-------- DATA PROVIDED

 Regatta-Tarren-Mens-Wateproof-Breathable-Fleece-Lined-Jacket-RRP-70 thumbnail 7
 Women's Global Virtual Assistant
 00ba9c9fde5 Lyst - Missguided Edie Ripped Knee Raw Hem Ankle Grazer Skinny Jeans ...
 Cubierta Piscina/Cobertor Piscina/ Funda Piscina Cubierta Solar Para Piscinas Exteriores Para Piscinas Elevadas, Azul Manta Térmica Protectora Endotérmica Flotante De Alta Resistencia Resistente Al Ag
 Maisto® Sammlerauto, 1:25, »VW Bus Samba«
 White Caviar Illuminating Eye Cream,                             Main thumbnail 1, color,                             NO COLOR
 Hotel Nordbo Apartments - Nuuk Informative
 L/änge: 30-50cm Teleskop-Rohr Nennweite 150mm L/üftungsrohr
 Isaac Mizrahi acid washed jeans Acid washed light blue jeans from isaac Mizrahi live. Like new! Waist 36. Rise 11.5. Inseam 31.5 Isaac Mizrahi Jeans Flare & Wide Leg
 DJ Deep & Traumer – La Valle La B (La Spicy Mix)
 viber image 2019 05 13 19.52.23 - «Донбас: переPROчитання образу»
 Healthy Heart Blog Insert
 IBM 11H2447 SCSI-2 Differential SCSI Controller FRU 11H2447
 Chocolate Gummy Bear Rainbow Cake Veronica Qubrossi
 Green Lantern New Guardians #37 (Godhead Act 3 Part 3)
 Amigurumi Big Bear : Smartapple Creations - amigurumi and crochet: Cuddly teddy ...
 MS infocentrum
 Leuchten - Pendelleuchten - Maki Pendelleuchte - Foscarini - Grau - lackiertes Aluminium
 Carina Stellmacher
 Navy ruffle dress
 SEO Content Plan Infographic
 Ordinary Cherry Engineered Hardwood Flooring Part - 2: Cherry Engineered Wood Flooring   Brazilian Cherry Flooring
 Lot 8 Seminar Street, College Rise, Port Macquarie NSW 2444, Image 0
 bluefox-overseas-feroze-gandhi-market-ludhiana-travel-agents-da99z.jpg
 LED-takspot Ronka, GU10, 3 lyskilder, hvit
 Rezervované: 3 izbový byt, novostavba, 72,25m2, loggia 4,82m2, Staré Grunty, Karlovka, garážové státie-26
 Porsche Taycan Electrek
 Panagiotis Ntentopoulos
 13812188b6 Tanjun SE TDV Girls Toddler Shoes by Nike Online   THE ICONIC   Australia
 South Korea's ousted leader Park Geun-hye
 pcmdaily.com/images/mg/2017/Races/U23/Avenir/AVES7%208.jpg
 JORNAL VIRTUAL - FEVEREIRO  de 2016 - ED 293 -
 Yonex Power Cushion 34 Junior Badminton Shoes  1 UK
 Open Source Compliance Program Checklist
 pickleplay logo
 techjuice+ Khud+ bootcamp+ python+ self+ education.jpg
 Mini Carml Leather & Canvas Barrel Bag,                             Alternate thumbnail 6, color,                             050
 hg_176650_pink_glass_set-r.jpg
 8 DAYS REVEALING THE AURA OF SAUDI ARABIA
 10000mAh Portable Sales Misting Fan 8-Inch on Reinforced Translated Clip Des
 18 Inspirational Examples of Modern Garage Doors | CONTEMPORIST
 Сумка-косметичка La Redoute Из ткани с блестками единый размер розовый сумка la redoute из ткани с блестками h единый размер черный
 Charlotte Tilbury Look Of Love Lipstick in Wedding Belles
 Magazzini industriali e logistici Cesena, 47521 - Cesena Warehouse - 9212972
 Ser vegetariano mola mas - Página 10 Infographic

----------------

• INSTRUCTIONS FOR THE TASK:
Copy each line above containing the string "color".

• WRITTEN ANSWER:
 White Caviar Illuminating Eye Cream,                             Main thumbnail 1, color,                             NO COLOR
 Mini Carml Leather & Canvas Barrel Bag,                             Alternate thumbnail 6, color,                             050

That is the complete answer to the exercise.